Repeat word for word the lines starting at the one with "Обои флизелиновые Maxwall" and ending at the final line of the material, both ends included; omit pictures.

* [INFORMATION SHOWN]:
━━━

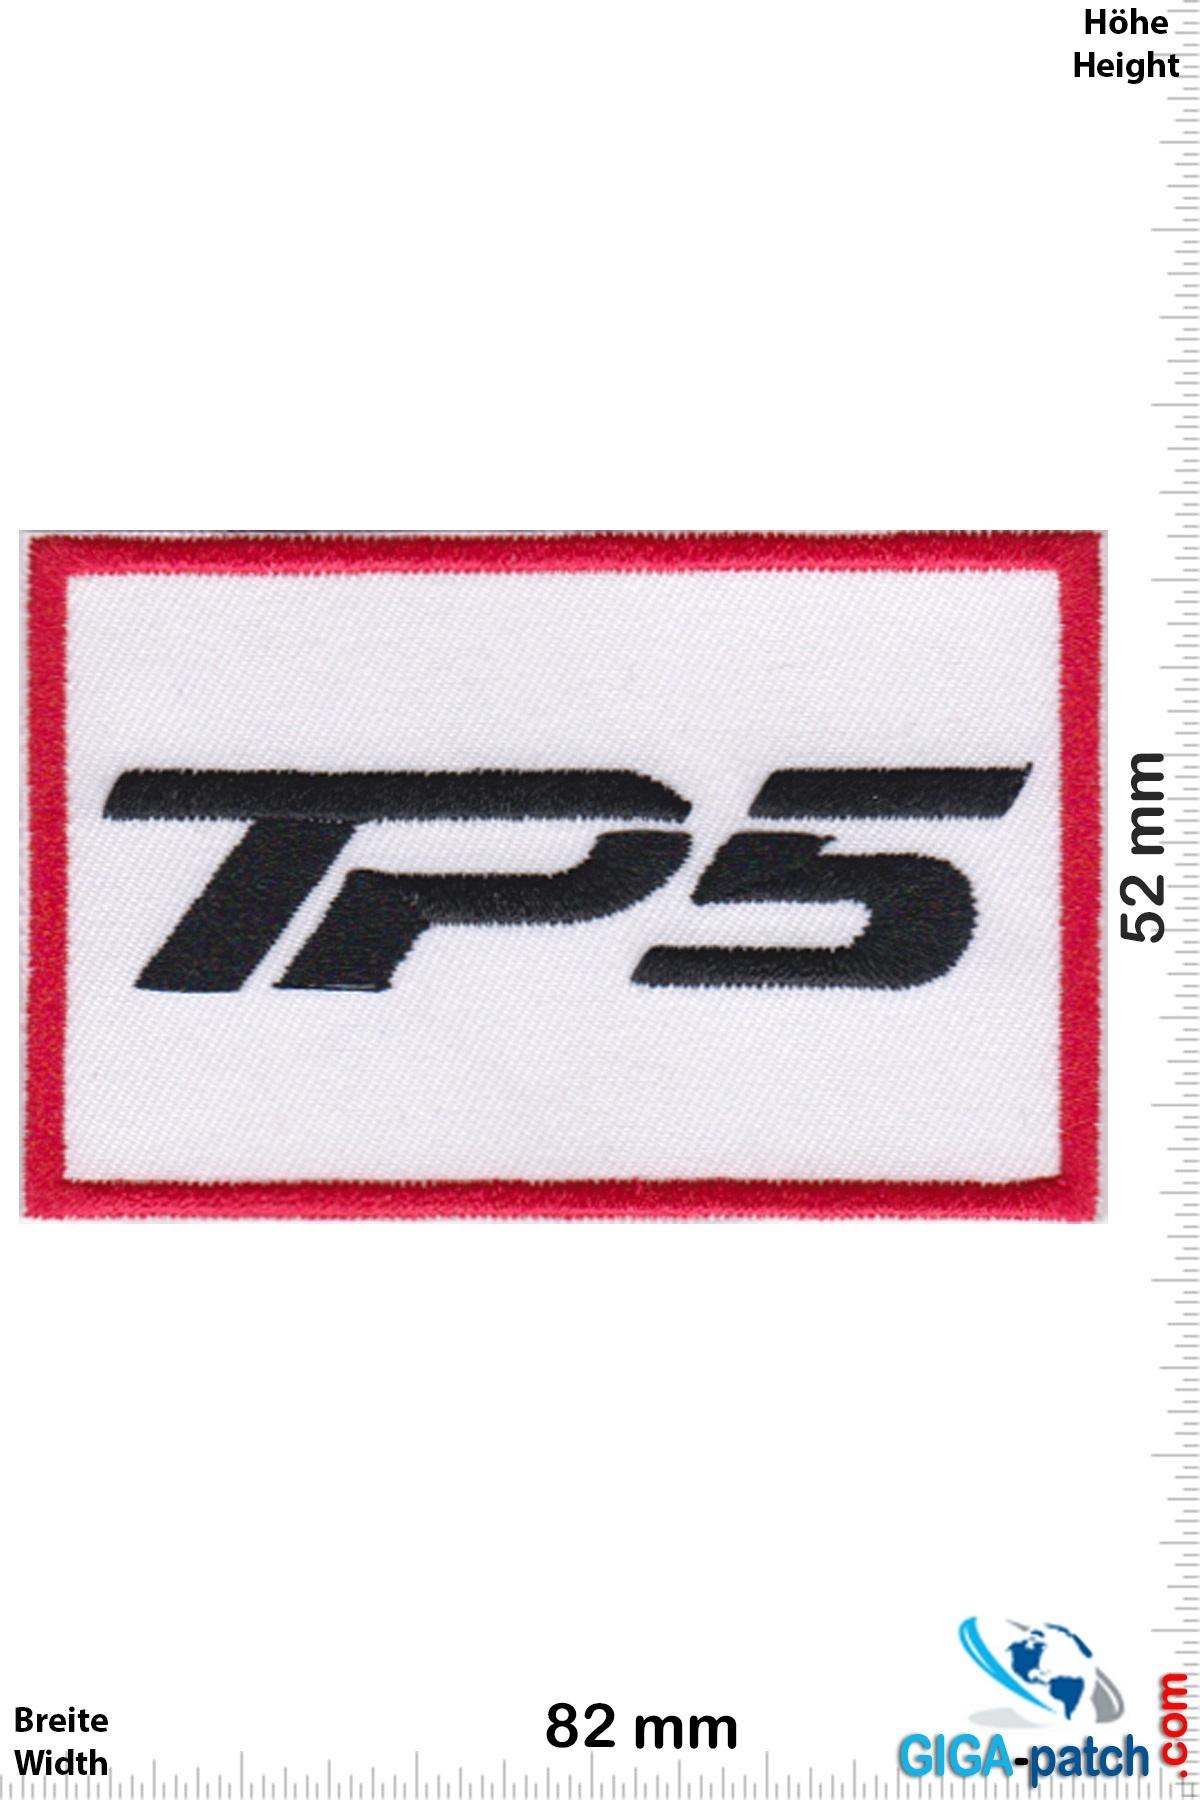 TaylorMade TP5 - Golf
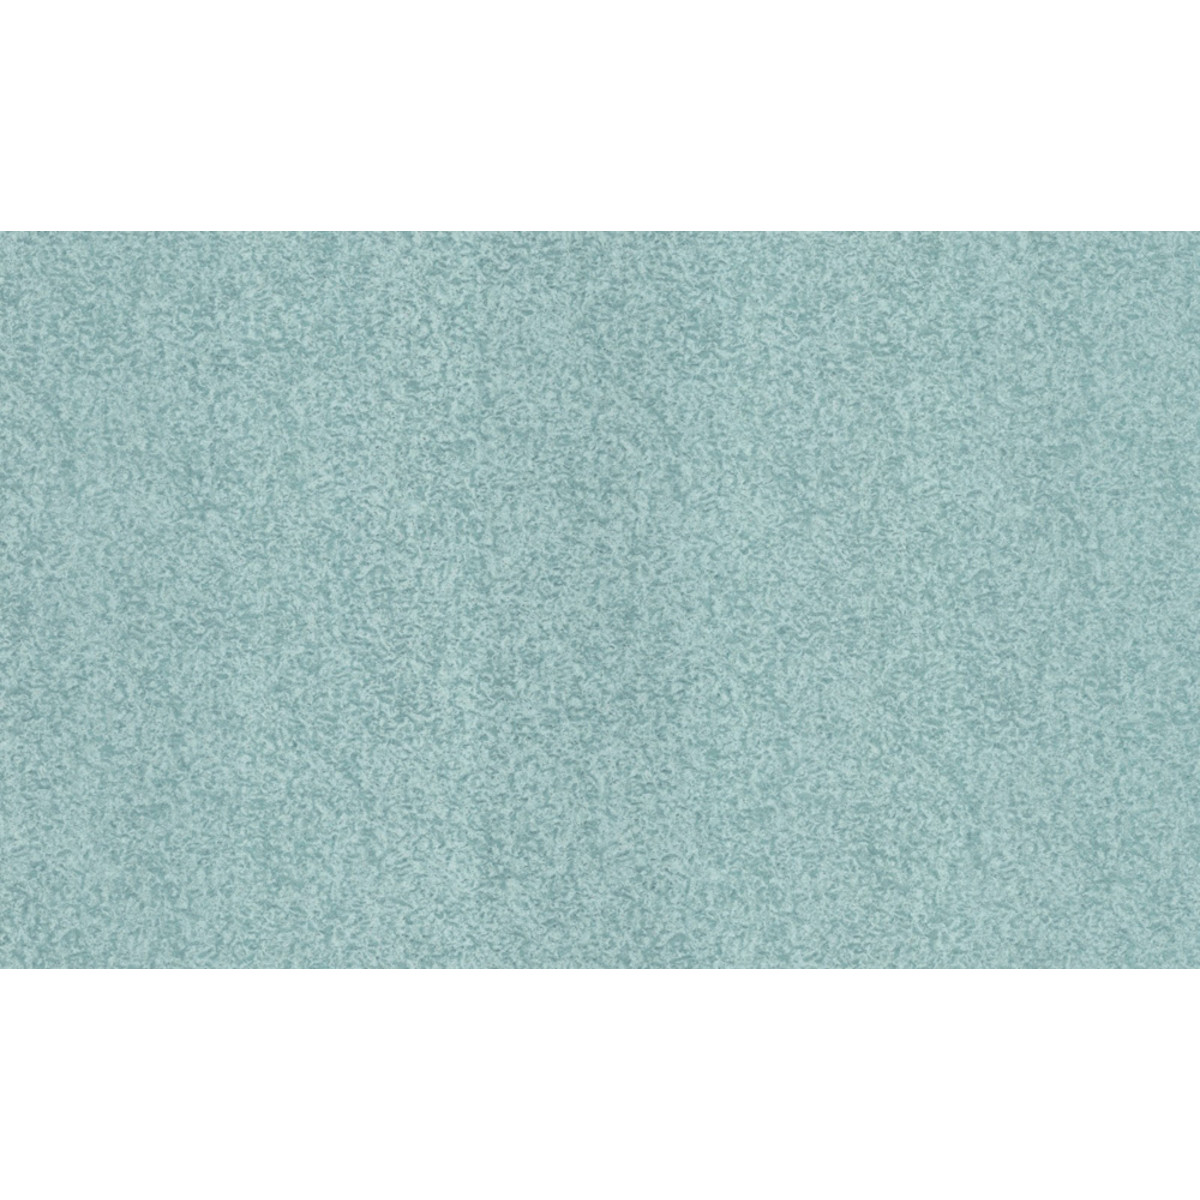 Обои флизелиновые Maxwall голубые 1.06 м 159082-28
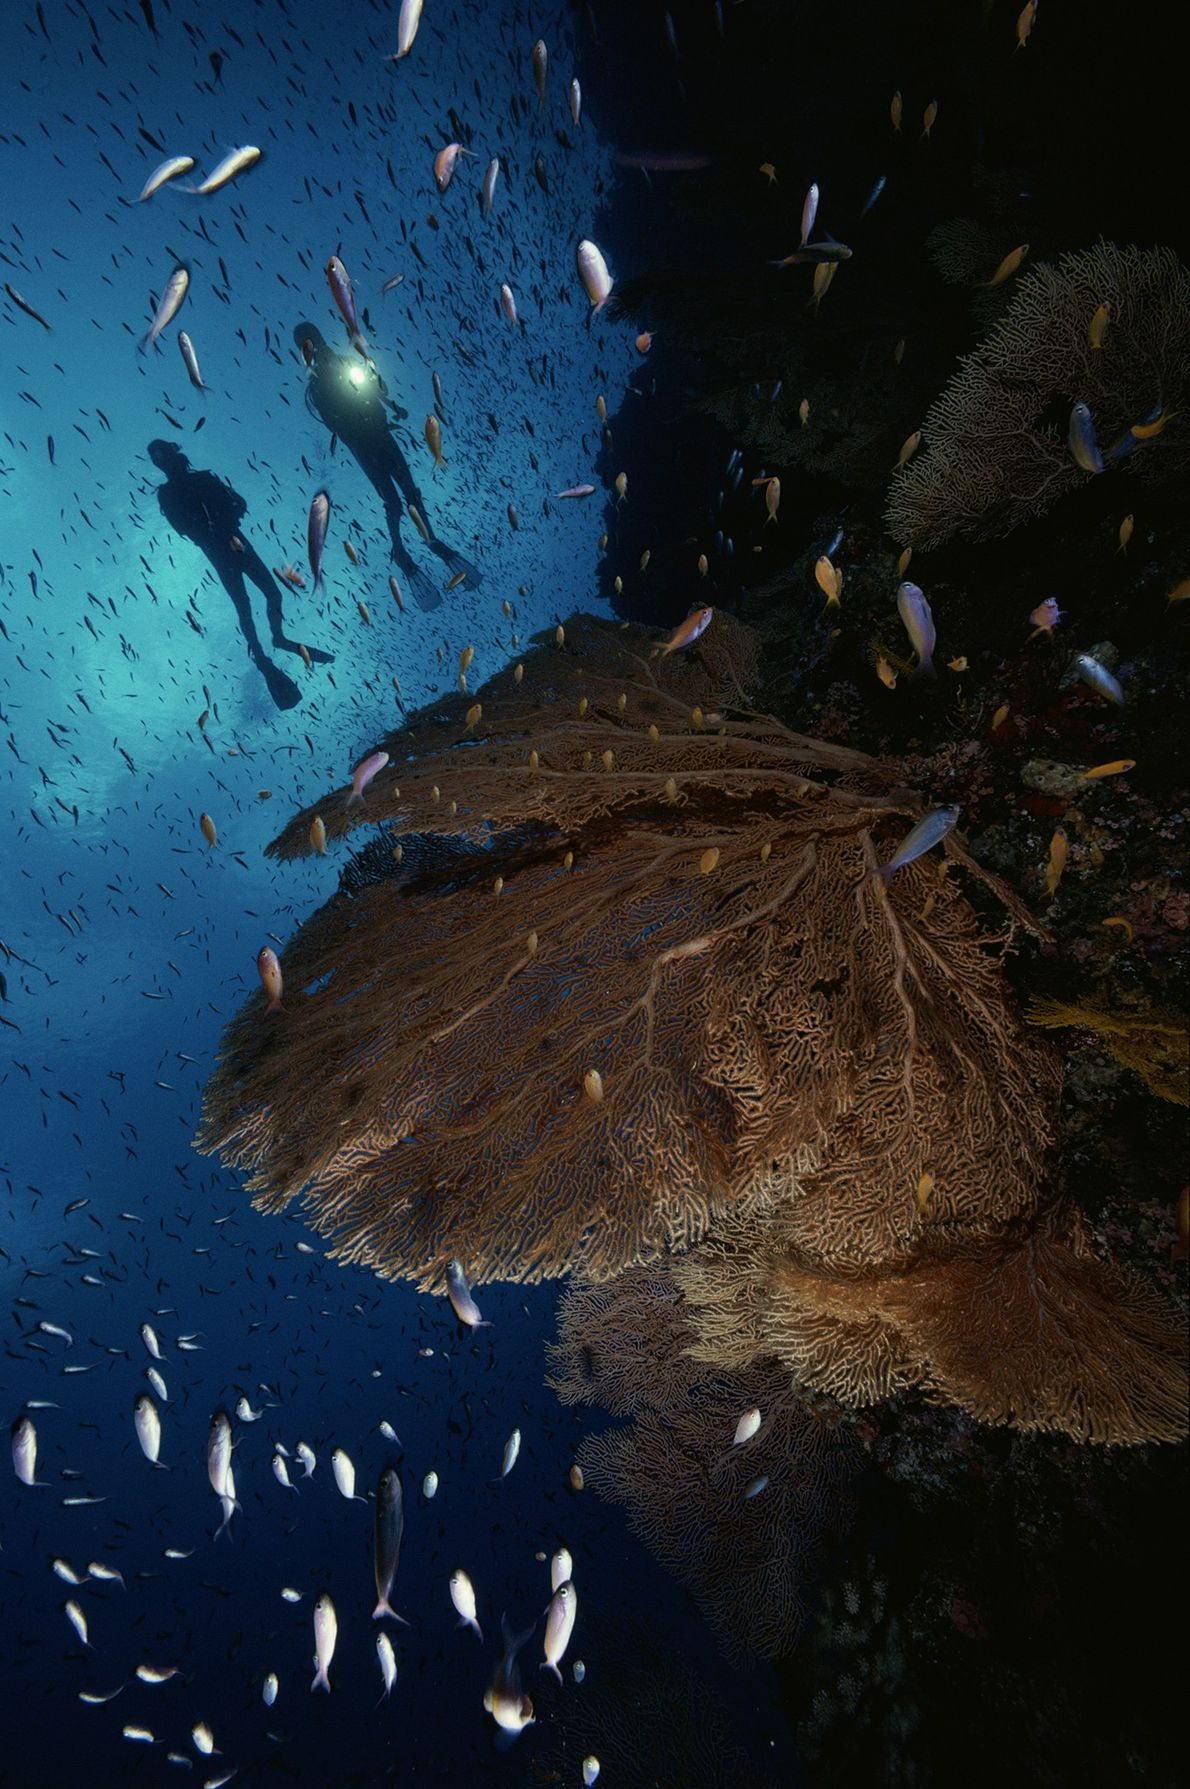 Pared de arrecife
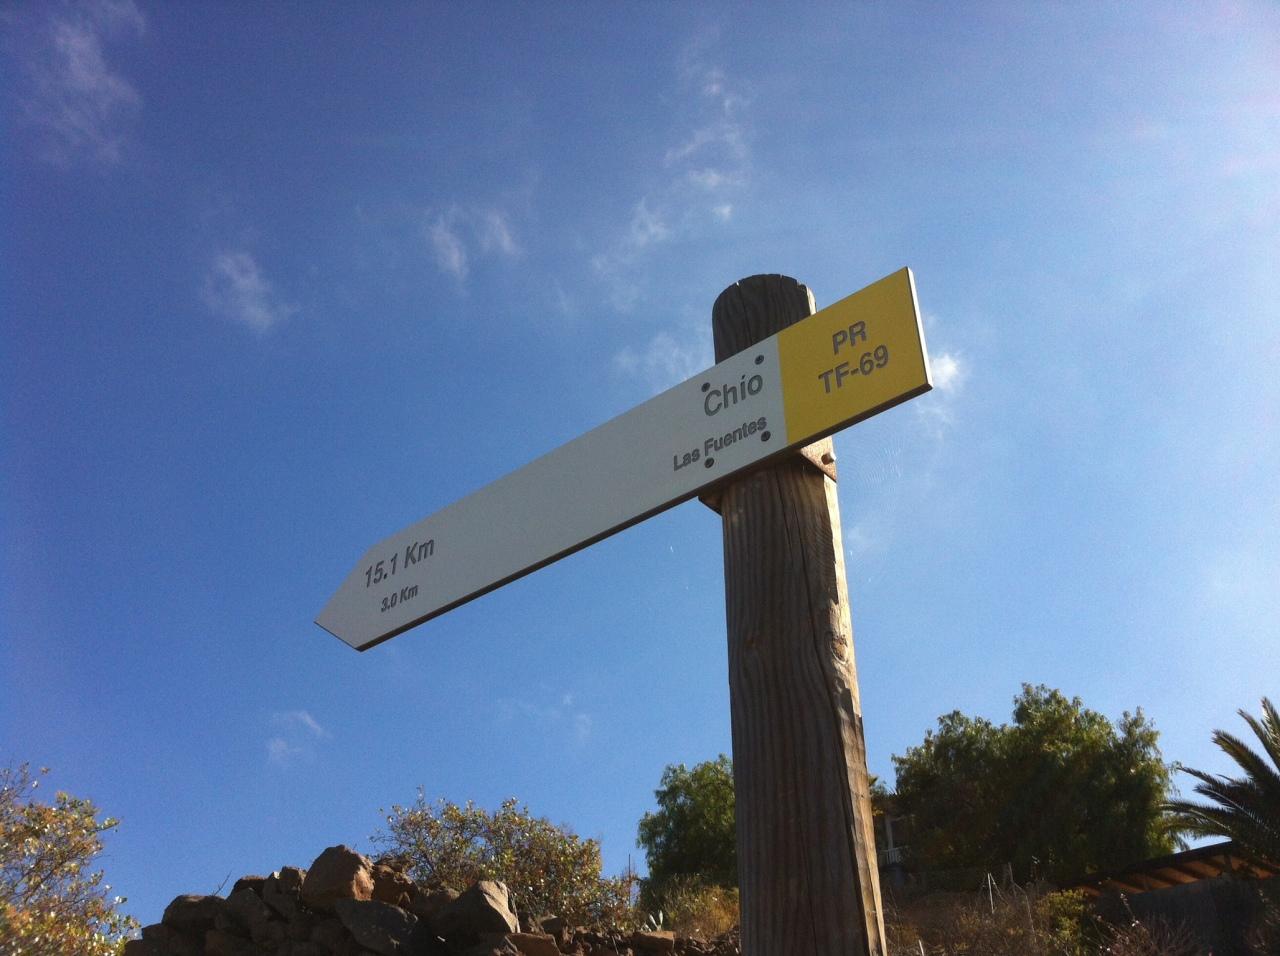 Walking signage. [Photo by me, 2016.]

━━━

* [SOLUTION TO THIS TASK]:
 Обои флизелиновые Maxwall голубые 1.06 м 159082-28
 Pared de arrecife
 Walking signage. [Photo by me, 2016.]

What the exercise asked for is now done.